I'm sure that my path is right
--pretrained_model /home/constantine/DataDisk/models/facenet/20180402-114759/model-20180402-114759.ckpt-275.data-00000-of-00001
and I have that
DataLossError (see above for traceback): Unable to open table file /home/constantine/DataDisk/models/facenet/20180402-114759/model-20180402-114759.ckpt-275.data-00000-of-00001: Data loss: not an sstable (bad magic number): perhaps your file is in a different file format and you need to use a different restore operator? [[Node: save/RestoreV2 = RestoreV2[dtypes=[DT_FLOAT, DT_FLOAT, DT_FLOAT, DT_FLOAT, DT_FLOAT, ..., DT_FLOAT, DT_FLOAT, DT_FLOAT, DT_FLOAT, DT_FLOAT], _device="/job:localhost/replica:0/task:0/device:CPU:0"](_arg_save/Const_0_0, save/RestoreV2/tensor_names, save/RestoreV2/shape_and_slices)]] [[Node: save/RestoreV2/_907 = _Recv[client_terminated=false, recv_device="/job:localhost/replica:0/task:0/device:GPU:0", send_device="/job:localhost/replica:0/task:0/device:CPU:0", send_device_incarnation=1, tensor_name="edge_306_save/RestoreV2", tensor_type=DT_FLOAT, _device="/job:localhost/replica:0/task:0/device:GPU:0"]()]]
Anyone know how to fix this?
@StepOITD Did you find the solution for this issue?
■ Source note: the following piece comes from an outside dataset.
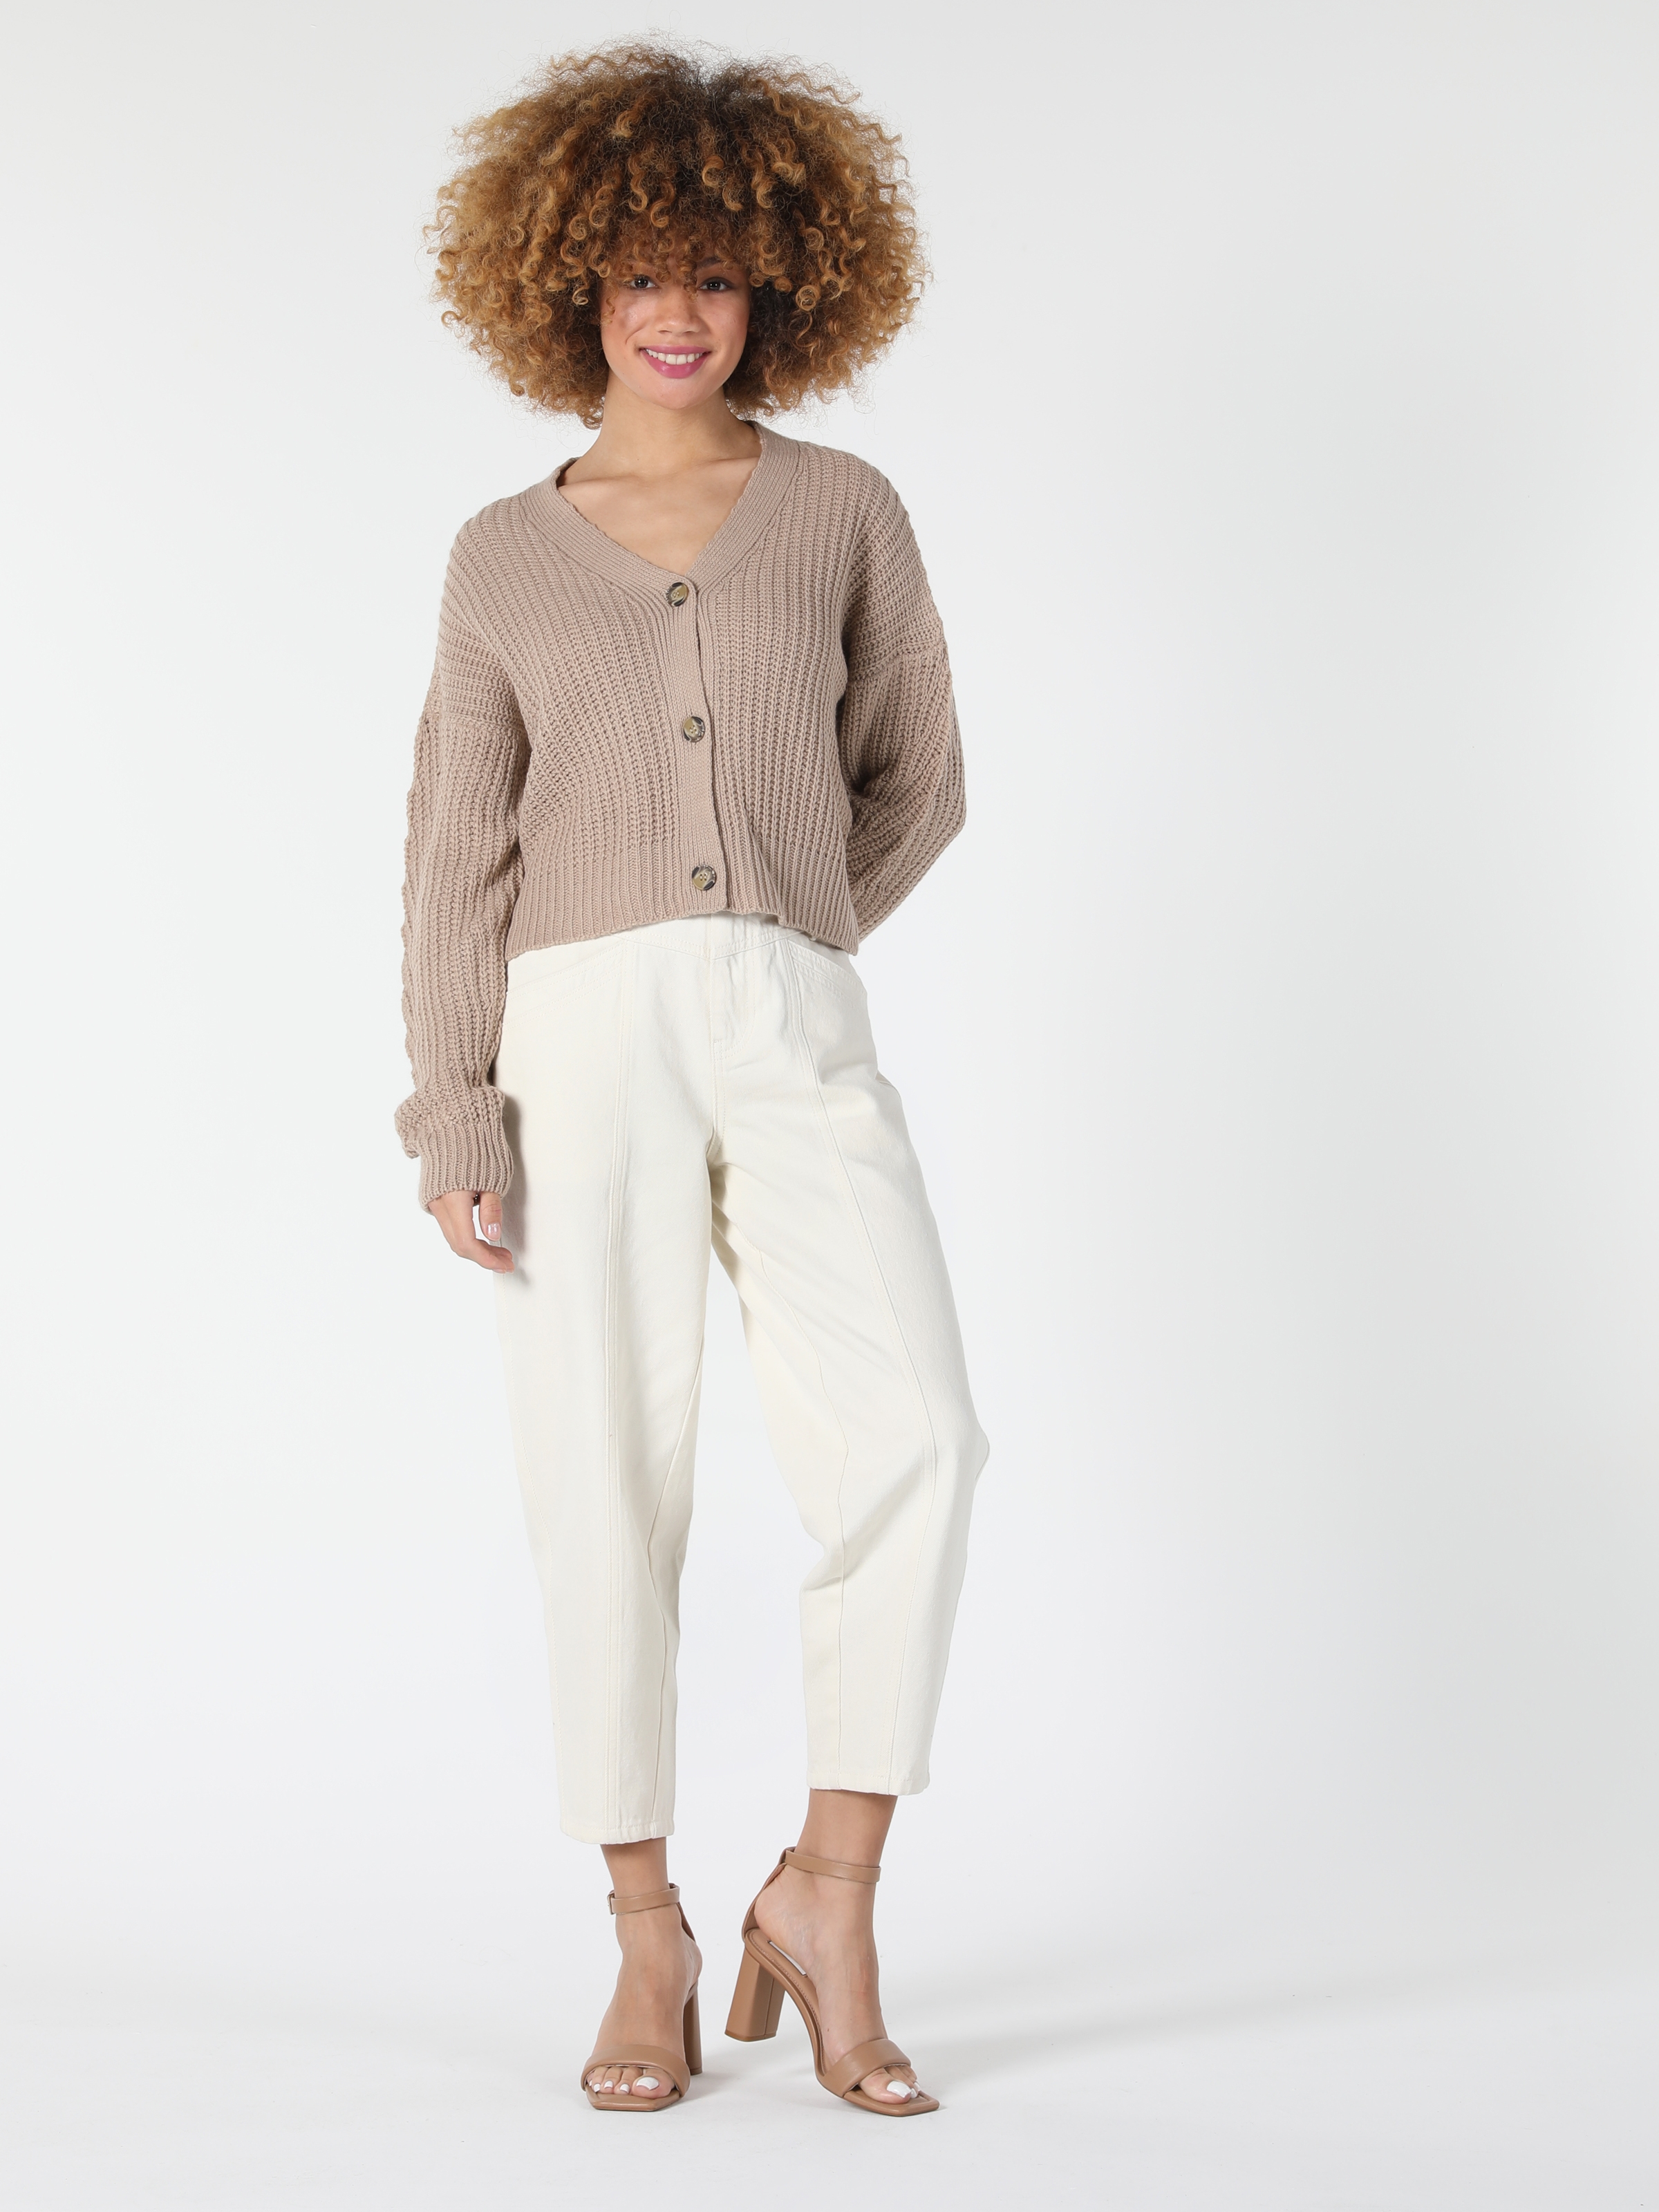 Afficher les détails de Cardigan Femme Beige Comfort Fit Knitwear

I got the same error when I try to export my trained model following script in here.
found a modified version in pr,worked
Hi @StepOITD I am getting the same error please help me to figure it out.
found a modified version in pr,worked
@StepOITD , Could you please post the solution on how you tackled the issue. I am getting the same error when I have all the models available for multiple checkpoints in the same directory. !
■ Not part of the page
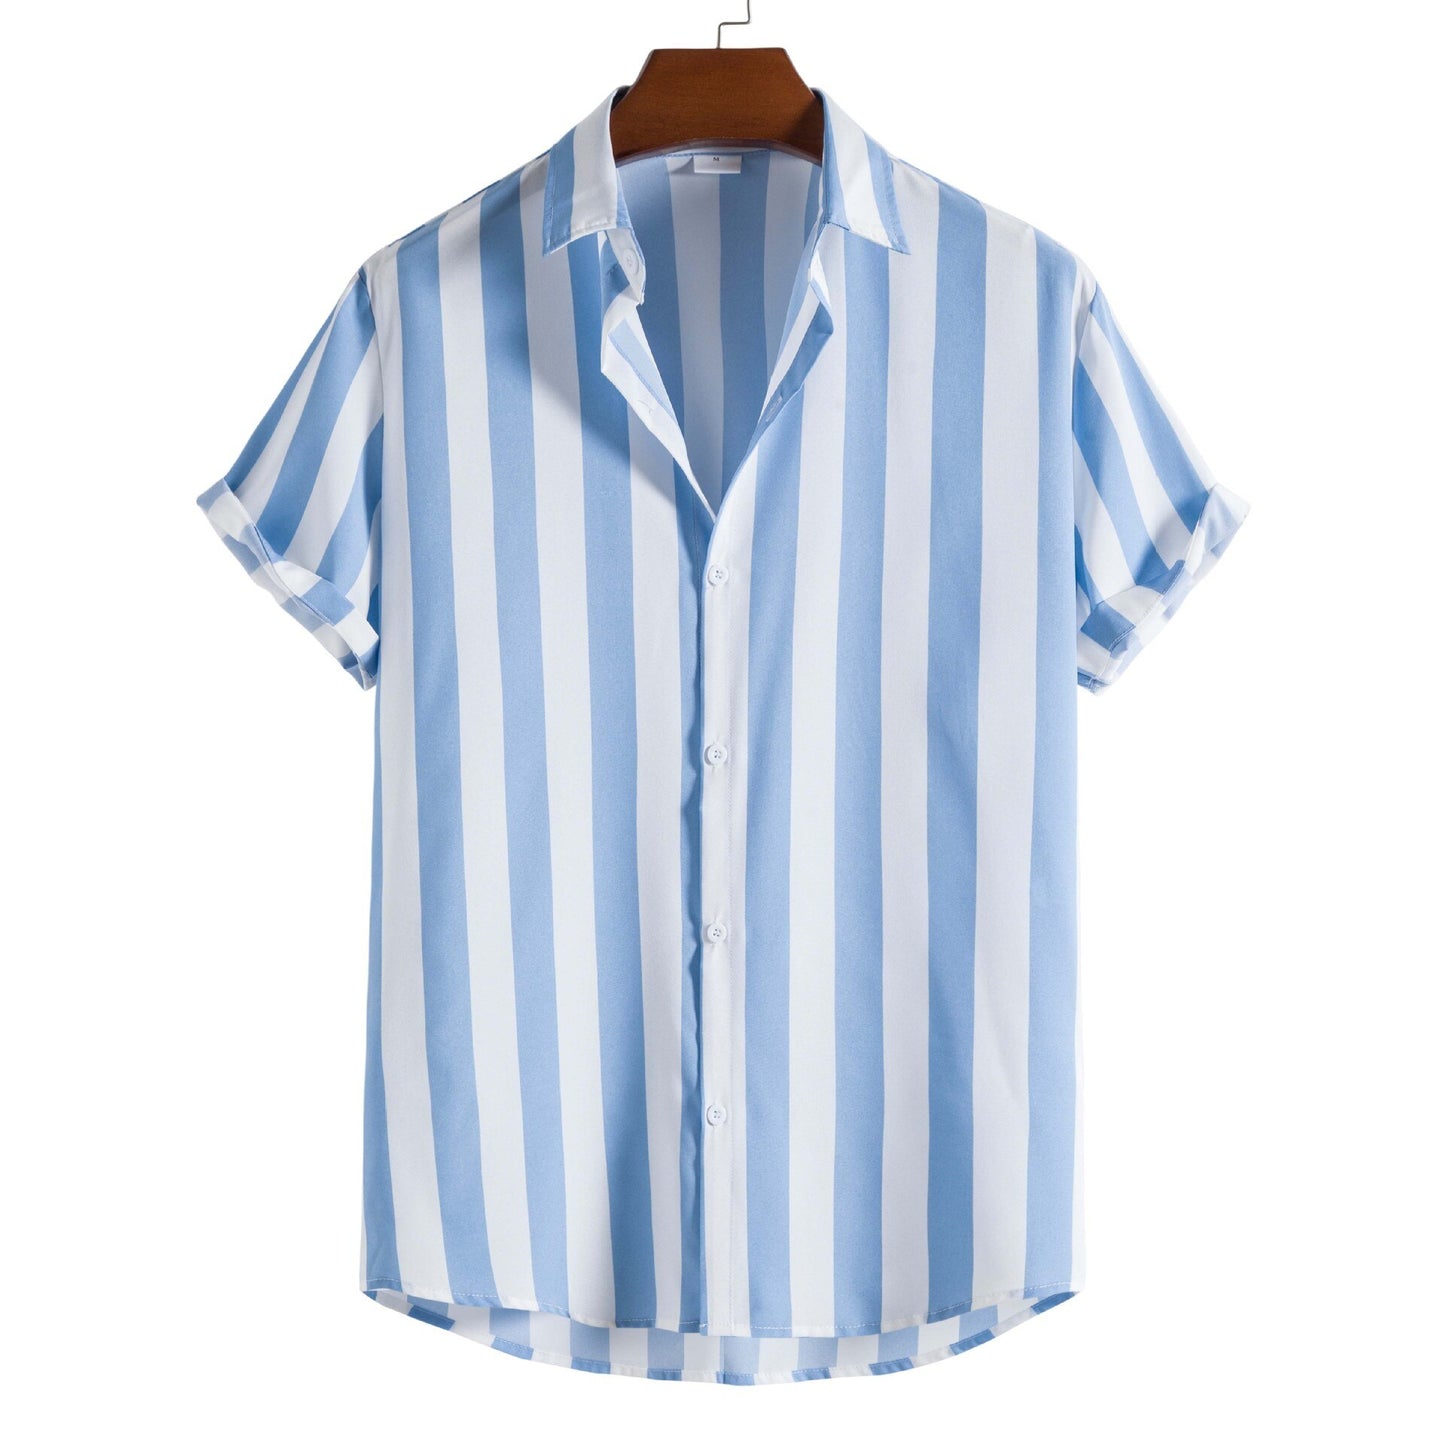 Stripe Print Loose Casual Beach Shirt

@anubhav0fnu I have tried with model version 2018, and restore model-20180408-102900.ckpt-90.data-00000-of-00001. I just add argument: --pretrain_model model-20180408-102900.ckpt-90, It works for me. I read some topic on stackoverflow, that said restore function of tf.Saver is add "data-00000-of-00001" in last path of model automatically.
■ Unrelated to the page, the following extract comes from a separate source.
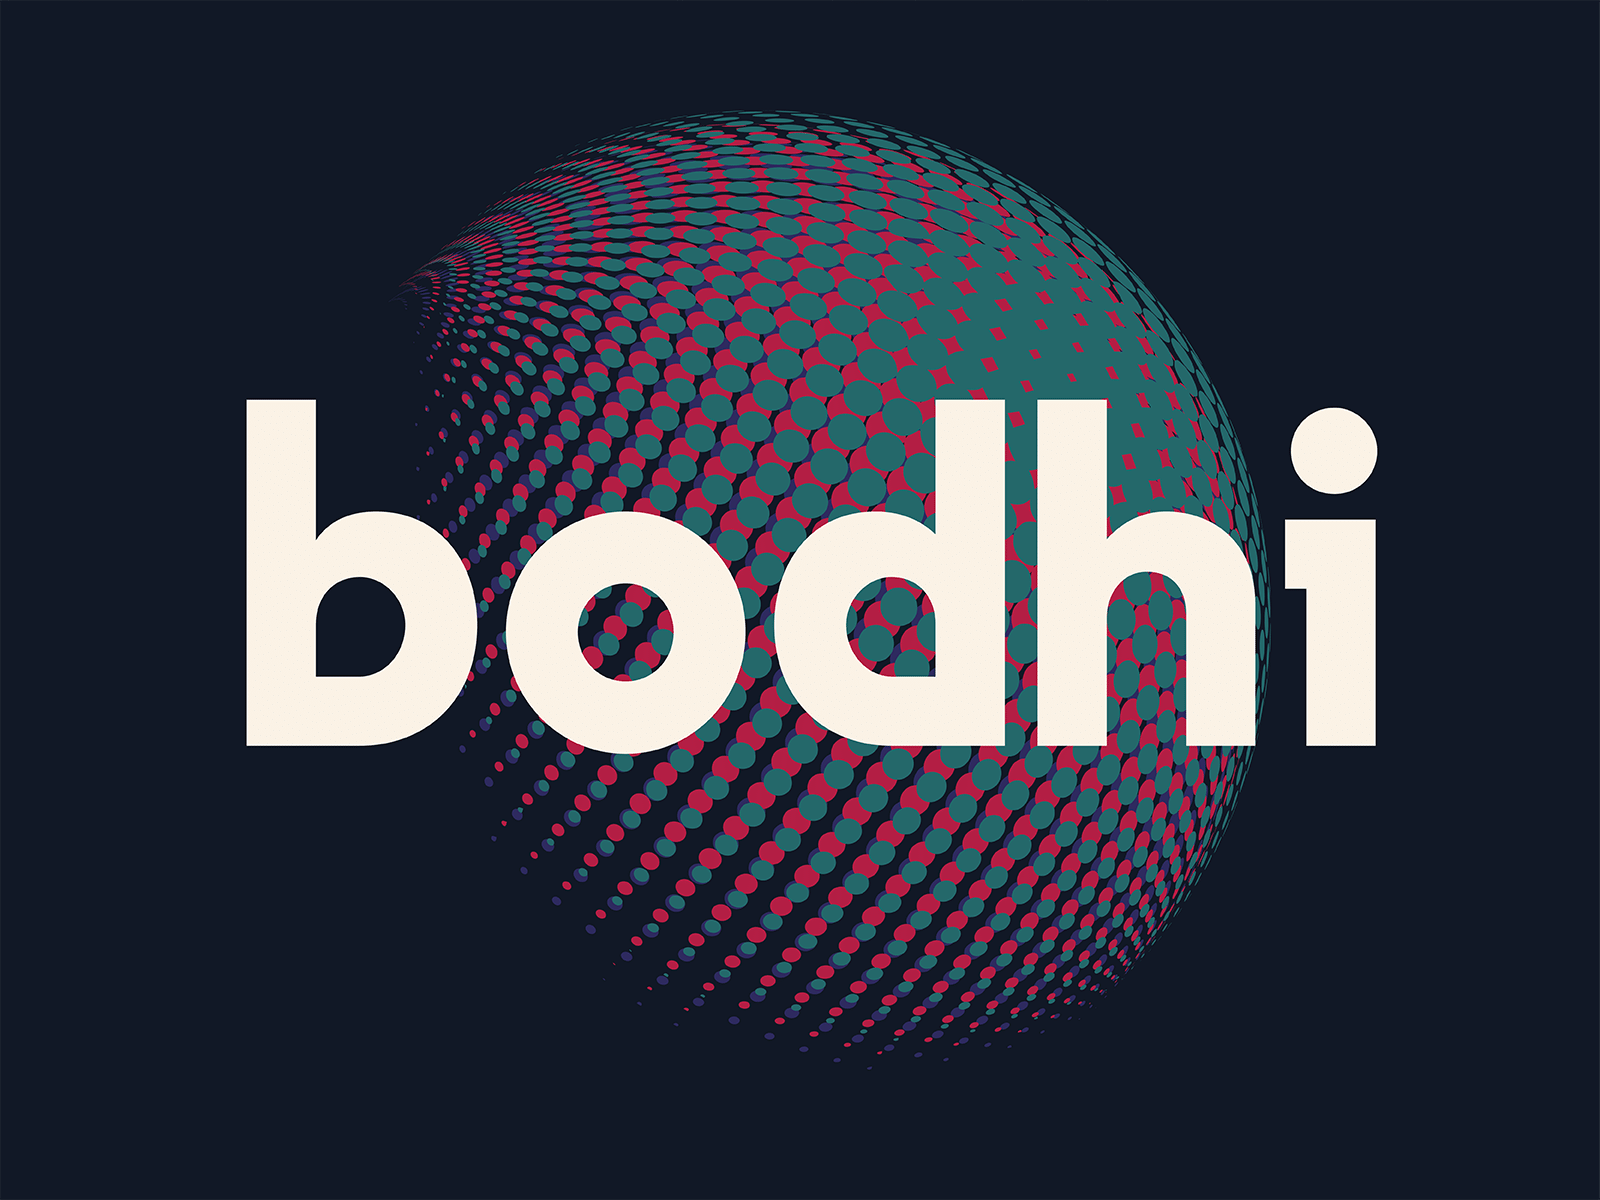 Bodhi

as @theiron97 said don't need to append the "data-00000-of-00001" in the file name. just provide the filename without that part.
@anubhav0fnu I have tried with model version 2018, and restore model-20180408-102900.ckpt-90.data-00000-of-00001. I just add argument: --pretrain_model model-20180408-102900.ckpt-90, It works for me. I read some topic on stackoverflow, that said restore function of tf.Saver is add "data-00000-of-00001" in last path of model automatically.
I love you dude <3 It worked for me
@anubhav0fnu I have tried with model version 2018, and restore model-20180408-102900.ckpt-90.data-00000-of-00001. I just add argument: --pretrain_model model-20180408-102900.ckpt-90, It works for me. I read some topic on stackoverflow, that said restore function of tf.Saver is add "data-00000-of-00001" in last path of model automatically.
Helped me !!! Thank yal
When I try to load the model (with tensorflow 1.0.0 or tensorflow 1.0.1, I'm getting the following message
DataLossError (see above for traceback): Unable to open table file ../DATAS/20170216-091149/model-20170216-091149.ckpt: Data loss: not an sstable (bad magic number): perhaps your file is in a different file format and you need to use a different restore operator? [[Node: save/RestoreV2_278 = RestoreV2[dtypes=[DT_FLOAT], _device="/job:localhost/replica:0/task:0/cpu:0"](_recv_save/Const_0, save/RestoreV2_278/tensor_names, save/RestoreV2_278/shape_and_slices)]]
My configuration:
Ubuntu Linux Python 3.5 Tensorflow 1.0.0 and 1.0.1 (tried in conda separate envs)
Is there another check to make (protobuf version?